▶ [GOAL OF THE EXERCISE]:
Retype only the lines below from the one with "bayside furnishings 9" to the one with "Vorstellung Gisella Sapina Febrero, innosabi", inclusive, skipping every image.

▶ [RECORDS SHOWN]:
· · · ·

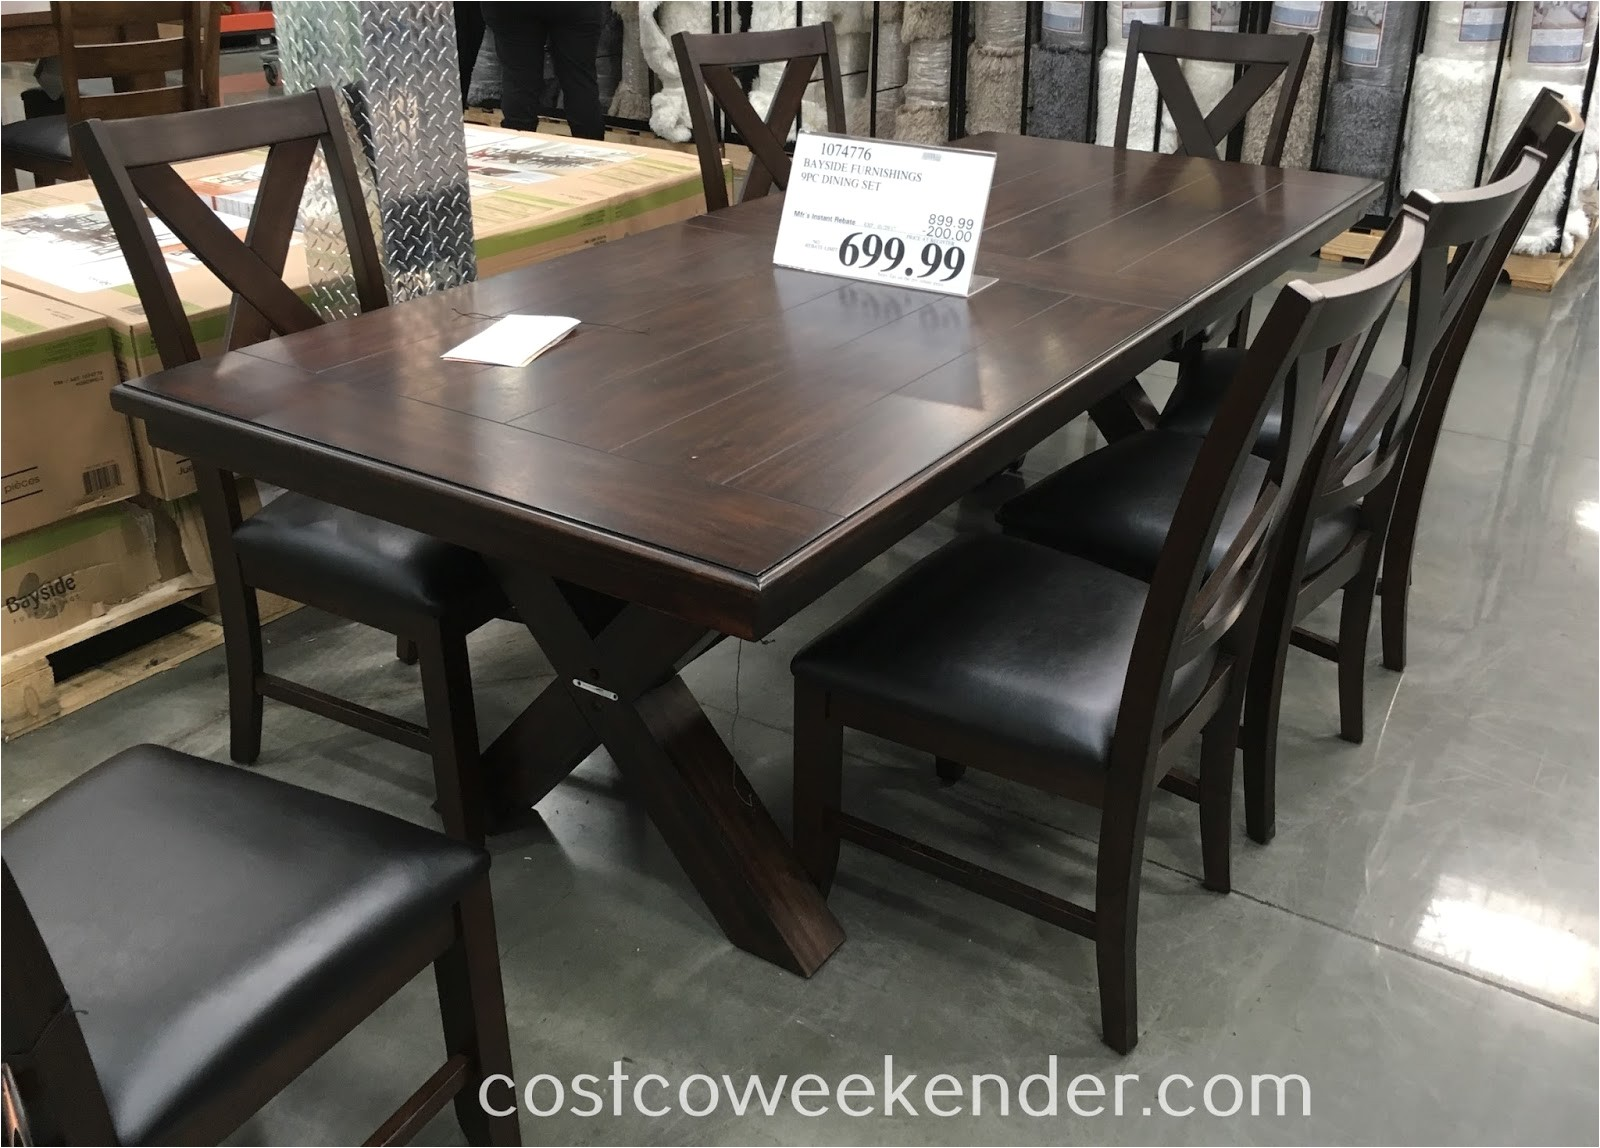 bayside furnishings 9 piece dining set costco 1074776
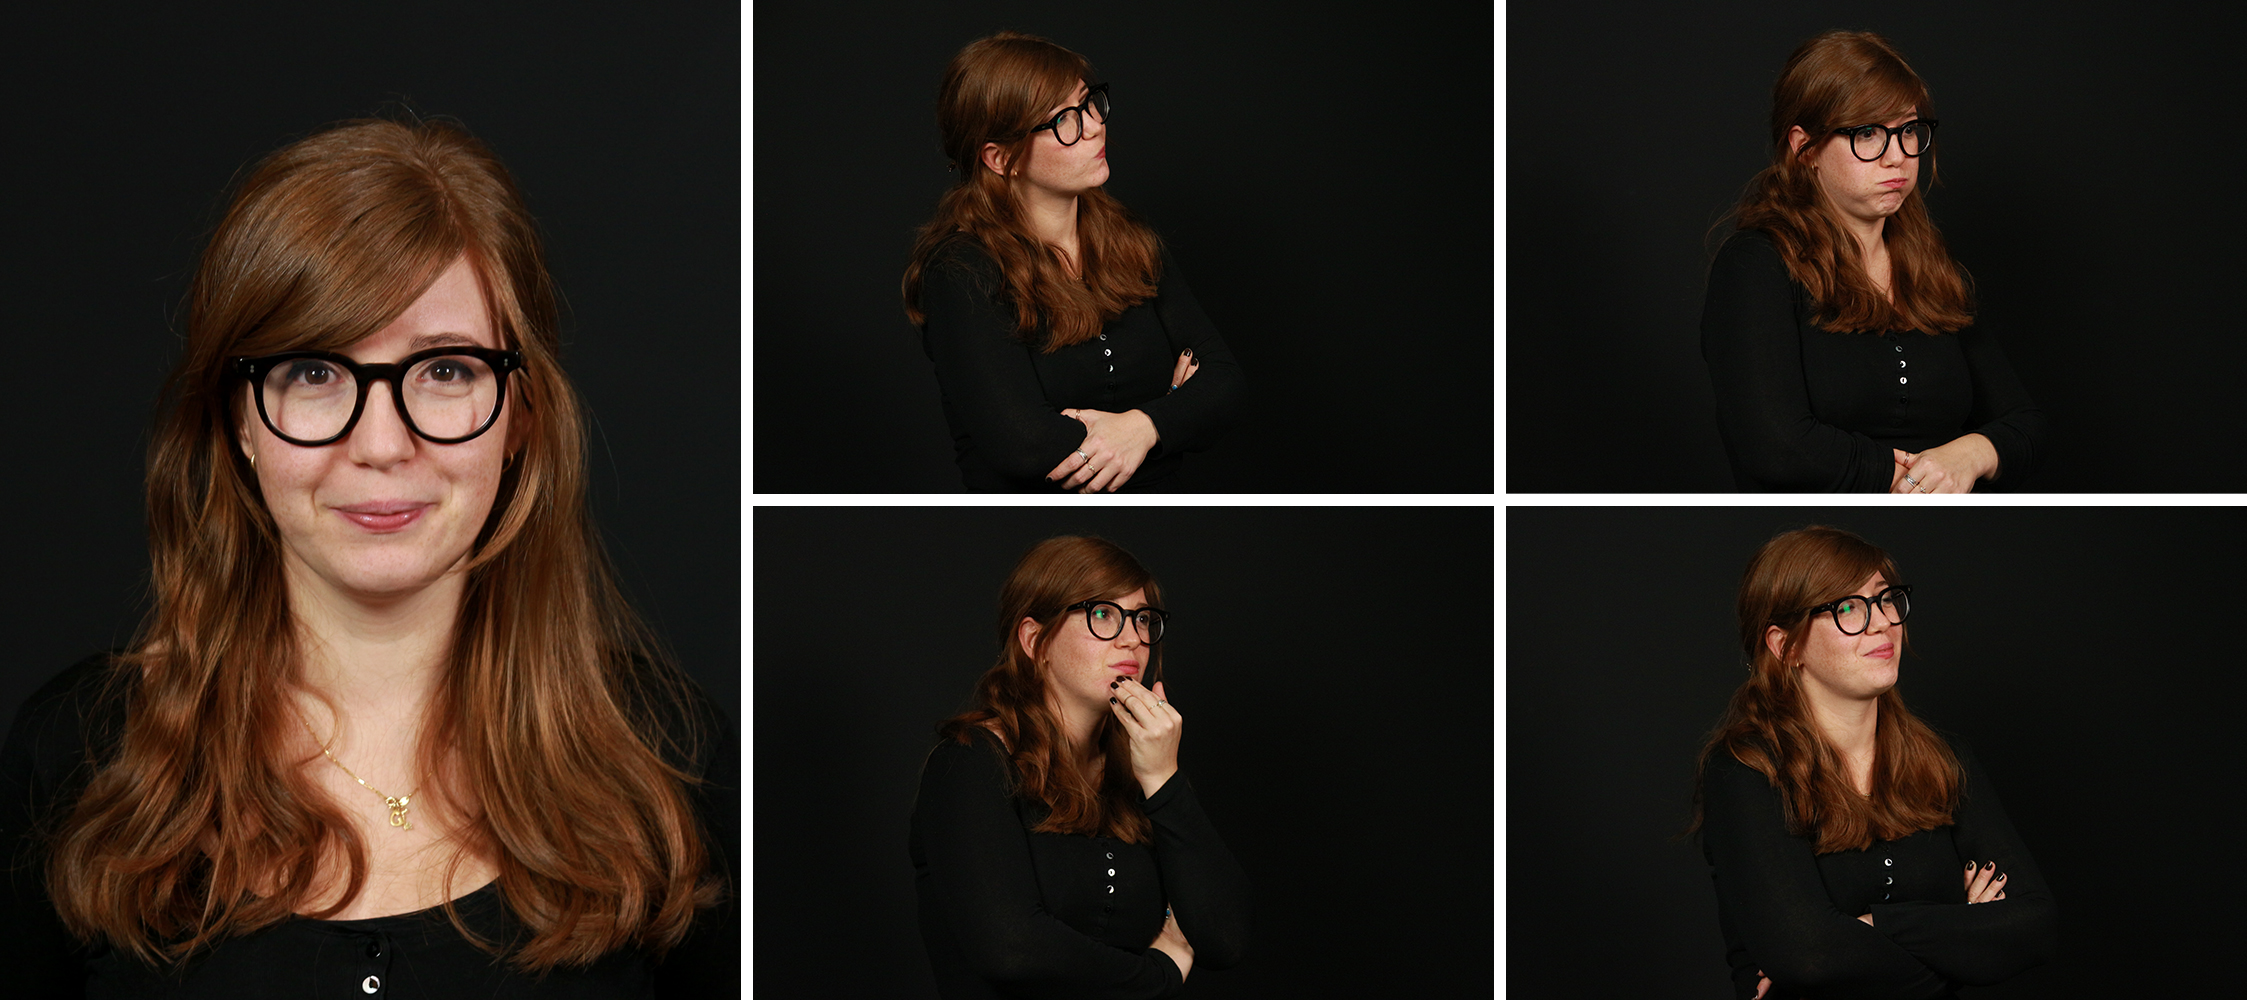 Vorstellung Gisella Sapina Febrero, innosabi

· · · ·

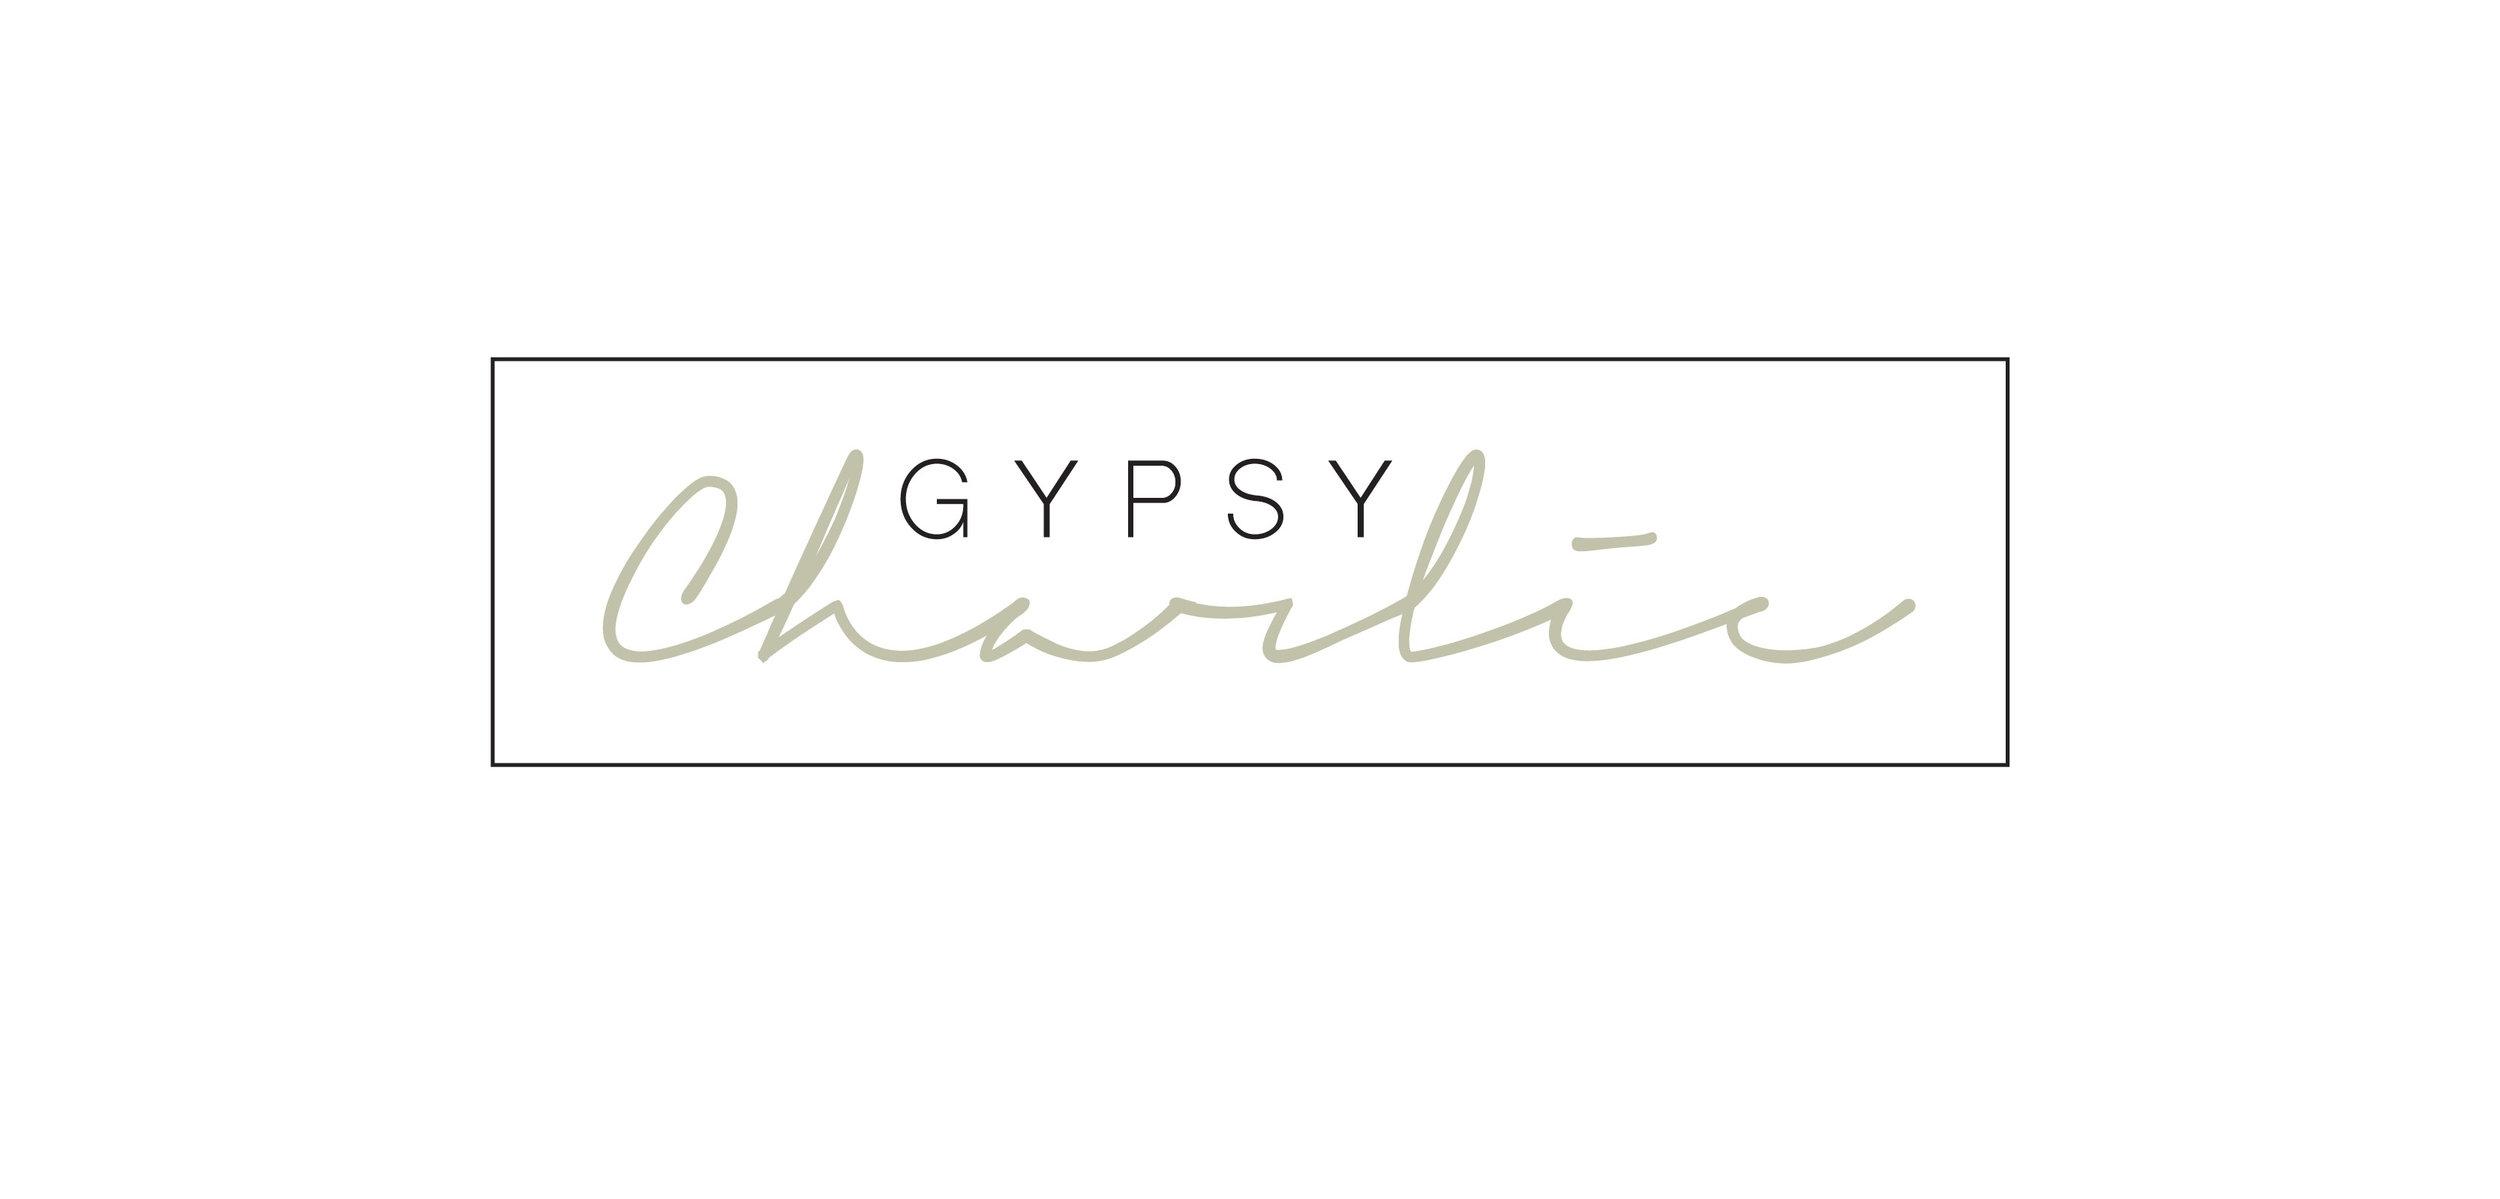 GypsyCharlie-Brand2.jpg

· · · ·

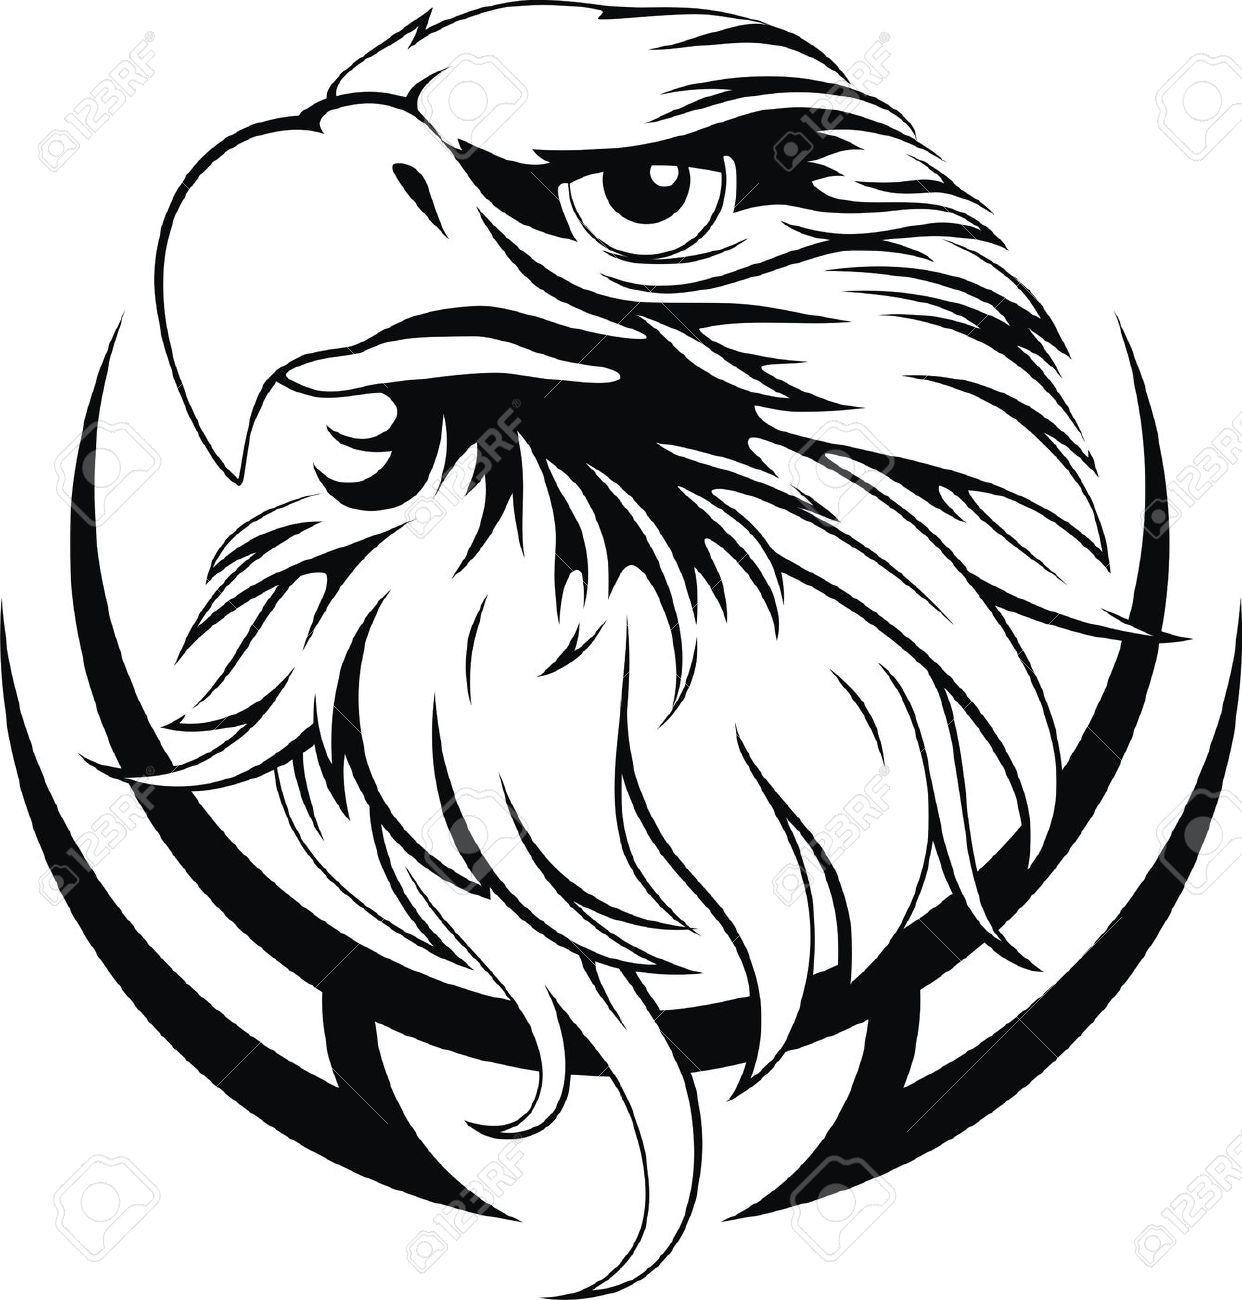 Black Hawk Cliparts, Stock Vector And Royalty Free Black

· · · ·

▶ [RESULT OF THE TASK]:
 bayside furnishings 9 piece dining set costco 1074776
 Vorstellung Gisella Sapina Febrero, innosabi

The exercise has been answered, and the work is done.